As a further complication, many serious crimes have no Federal
statute equivalent to the offenses under the UCMJ. Therefore, under
current law, prosecution in civilian courts would rely on state law or,
in the case of crimes committed overseas, foreign criminal law.
Servicemembers who commit similar crimes in different states or
countries would be subject to varying charges and criminal processes.

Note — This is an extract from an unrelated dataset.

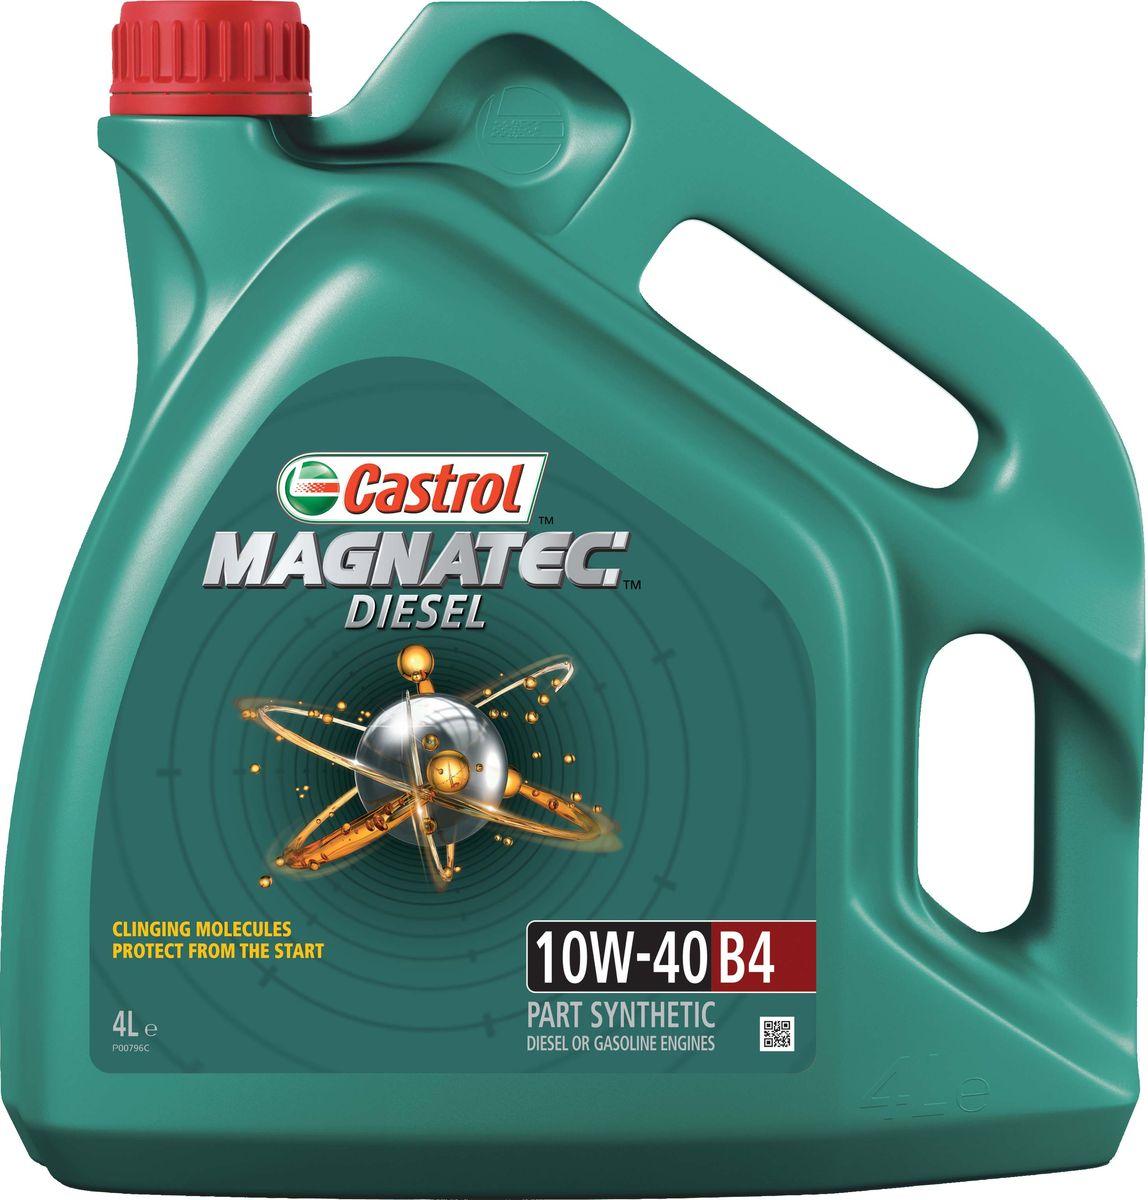 Масло моторное Castrol Magnatec Diesel, синтетическое, класс вязкости 10W-40, B4, 4 л156ED8До 75% износа двигателя происходит во время его пуска и прогрева. Когда двигатель выключен, обычное масло стекает в поддон картера, оставляя важнейшие детали двигателя незащищенными. Молекулы Castrol Magnatec Diesel подобно магниту притягиваются к деталям двигателя и образуют сверхпрочную масляную пленку, обеспечивающую дополнительную защиту двигателя в период пуска, когда риск возникновения износа существенно возрастает.Моторное масло Castrol Magnatec Diesel подходит для применения в дизельных двигателях, в которых производитель рекомендует использовать смазочные материалы спецификаций ACEA A3/B4, A3/B3, API CF или более ранних, класса вязкости SAE 10W-40. Castrol Magnatec Diesel одобрено к использованию в дизельных двигателях автомобилей Volkswagen Group и Mercedes, требующих моторные масла спецификаций Volkswagen 505 00 и MBApproval 229.1, класса вязкости SAE 10W-40.Castrol Magnatec Diesel защищает двигатель всегда:- молекулы Intelligent molecules притягиваются к металлическим поверхностям двигателя, обеспечивая дополнительную защиту его деталей от износа;- специальная технология производства дизельных масел поддерживает эффективностьработы двигателя и быстроту реагирования на нажатие педали акселератора;- эффективно удерживает сажу, образующуюся в процессе работы двигателя, сводя к минимуму загустевание масла;- превышает самые жесткие требования последнего отраслевого стандарта в тесте по защите дизельных двигателей.Спецификации.ACEA A3/B3, A3/B4,API SL/CF,Meets Fiat 9.55535-D2,MB-Approval 229.1,Volkswagen 501 01 / 505 00.Товар сертифицирован.

Many of the cases currently prosecuted by the military could not be
prosecuted under state or foreign law. For example, over 75 percent of
states require a higher degree of intoxication of the victim for the
perpetrator's conduct to constitute sexual assault. Such disparity in
process and accountability would negatively impact good order and
discipline.
Additionally, while civilian prosecutors weigh a number of factors
in the decision whether or not to try a case, including witness
availability, cost, and the likelihood of conviction, civilian
prosecutors may not factor in the impact on military good order and
discipline.
General Harding. A requirement to prosecute serious cases, like
sexual assault, in a civilian court risks a disconnect between members
and their commander. From the commander's perspective, the victim will
lose oversight and control over action taken against one of their own
and face the prospect of becoming disconnected from one of the most
significant events affecting members, including the victim and the
accused, within their organization. Further, unit members will lose
some measure of trust for the commander, because the message is that
the commander--who may be responsible and accountable for sending men
and women into combat--cannot be trusted to handle discipline. In
short, command involvement must be holistic; it cannot be as effective
if the most serious form of accountability is severed from command
authority.
Sexual assault damages unit cohesiveness and mission accomplishment
at the unit level. Our commanders need to be at the forefront of the
fight to reduce sexual assault in the military, using all of the tools
available to them. Cultural change does not happen overnight. If
commanders do not have responsibility for prosecution of sexual assault
offenses, we may promote an environment where commanders are less
accountable for what happens in their individual units, which in
practice could stifle the cultural change we seek. The U.S. military
takes pride in its ``can-do'' attitude and we embrace challenges. Now
is not the time to declare defeat; if we are serious about cultural
change we must ensure commanders know their success depends on sound
judgment in these matters--we are committed to working to get this
right.
General Ary. The fundamental structure of the U.S. military justice
system and UCMJ, centered on the role of the commander as the convening
authority, is sound. The responsibility, authority, and accountability
we place in the commander require that we provide him or her tools to
maintain appropriate readiness and safety, and good order and
discipline, every day. Military justice is one of those tools.
A requirement to prosecute serious crimes, such as sexual assault,
in civilian courts would remove the commander from the military justice
process and significantly complicate the administration of justice in
the deployed environment, detracting from good order and discipline.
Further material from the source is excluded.